Dear friends,
Grace and Peace to you in the name of our Lord and Savior, Jesus Christ.
We find ourselves in the midst of the season of Lent, journeying towards Holy Week and the celebration of the Resurrection of our Lord. Easter will land on March 31st this year, a little earlier than what seems usual; but not the earliest possible date, which is March 22nd.
As we have journeyed through this Lenten season we have been meeting with friends from ourecumenical partner churches on Wednesday evenings for food, fellowship, prayer, music, and conversation. And, as I typed this, it dawned on me that many of you may not know what ourecumenical partnerships are, how long they have been around, or what the word ecumenicaleven means. So, let’s talk about that!
The word ecumenical itself means, according to the Cambridge Dictionary, “encouraging the different Christian Churches to unite”. Essentially, it’s just a fancy word meaning that different Christian church bodies are working together on something. You can have an ecumenical service, an ecumenical mission, an ecumenical dialogue, etc.
Our national church body, the Evangelical Lutheran Church in America (ELCA), does a lot of ecumenical work with a lot of other Christian Church Bodies. But, some of these ecumenical partnerships go one step further and become Full Communion Partners. Meaning that, because we hold enough common beliefs about the Lord’s Supper, ELCA Pastors can preside over communion in their churches, and their Pastors can preside over communion in our churches.
Those full communion partner church bodies are: The Episcopal Church, The United Methodist Church, The Presbyterian Church USA, The United Church of Christ, The Moravian Church, and The Reformed Church in America.

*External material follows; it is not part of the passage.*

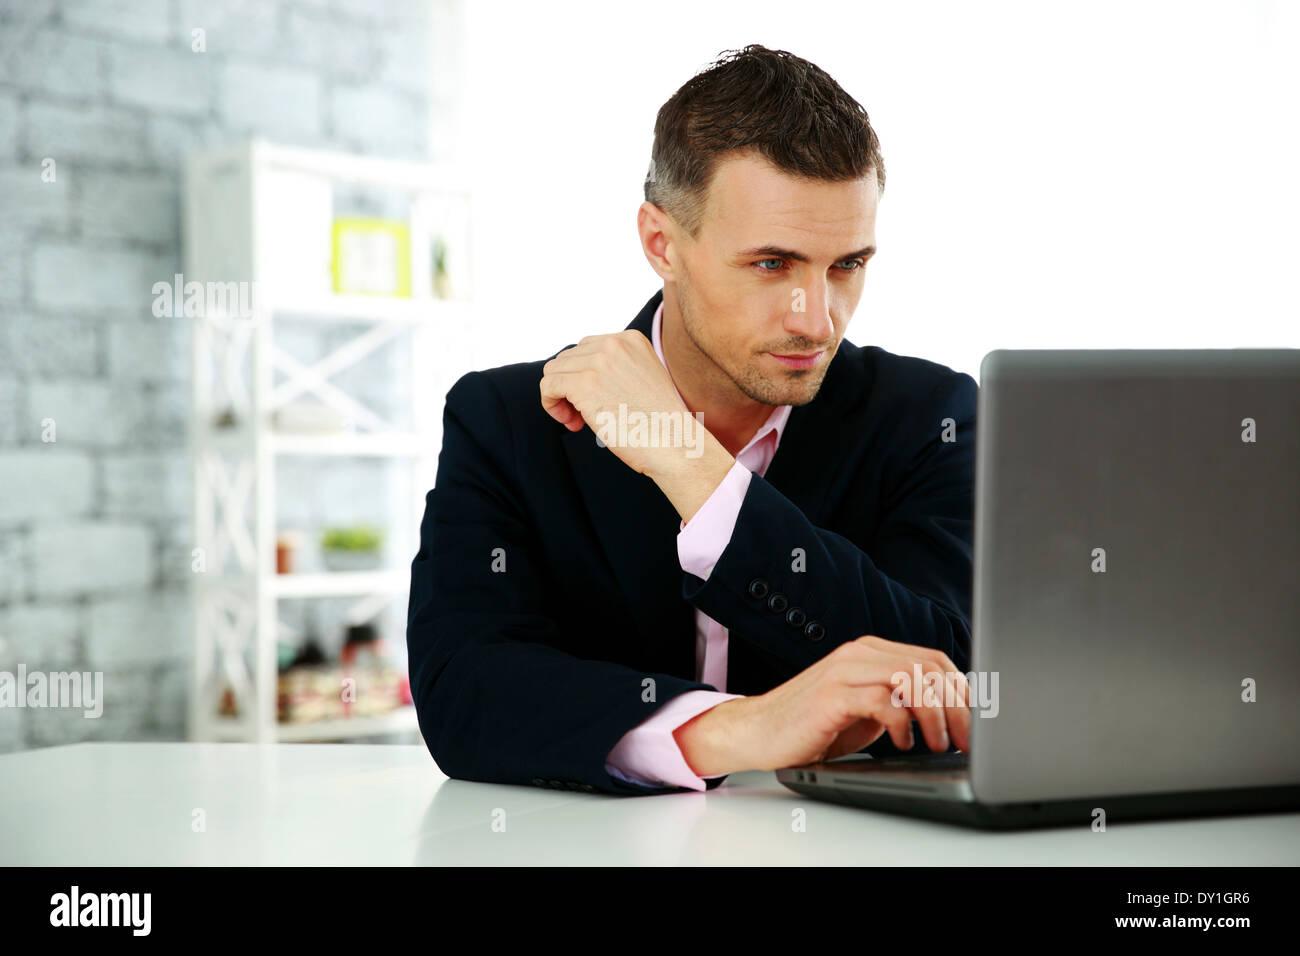 Fiducioso imprenditore lavora su un computer portatile in ufficio Immagini Stock

Now, with that information, you can begin to gather how our local ecumenical partnerships began. I first encountered our ecumenical Lenten gatherings in 2009, when I was serving Grace Village which was then known as the Lutheran Center. But, based on conversations with Rodelyn and Pastor Tracy, who used to serve at Holy Trinity, these midweek gatherings between the Lutherans and the Episcopalians have been occurring since the early 1990’s.
These midweek gatherings would continue to be Lutheran and Episcopal until 2021, when our new mission partners in the campus ministry, the Presbyterians and the Methodists would start joining us for Lent. And then, in 2023, our friends from Hazelwood Christian Church started joining us, they’re part of the Disciples of Christ tradition.

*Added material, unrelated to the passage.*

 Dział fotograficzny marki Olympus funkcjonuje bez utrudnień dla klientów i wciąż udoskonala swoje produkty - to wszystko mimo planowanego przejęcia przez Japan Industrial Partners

I give thanks to God for these ecumenical partnerships and our ability to participate with them and to walk alongside them in this journey of discipleship throughout the entire year, not just Lent. It’s amazing what God can do to, and through, us when we lay our differences aside and realize we have far more things in common as followers of Jesus. And, I pray that God will continue to show us more opportunities to worship and serve alongside our Christian siblings in town so that we can work together to grow God’s kingdom in Muncie as it is in Heaven.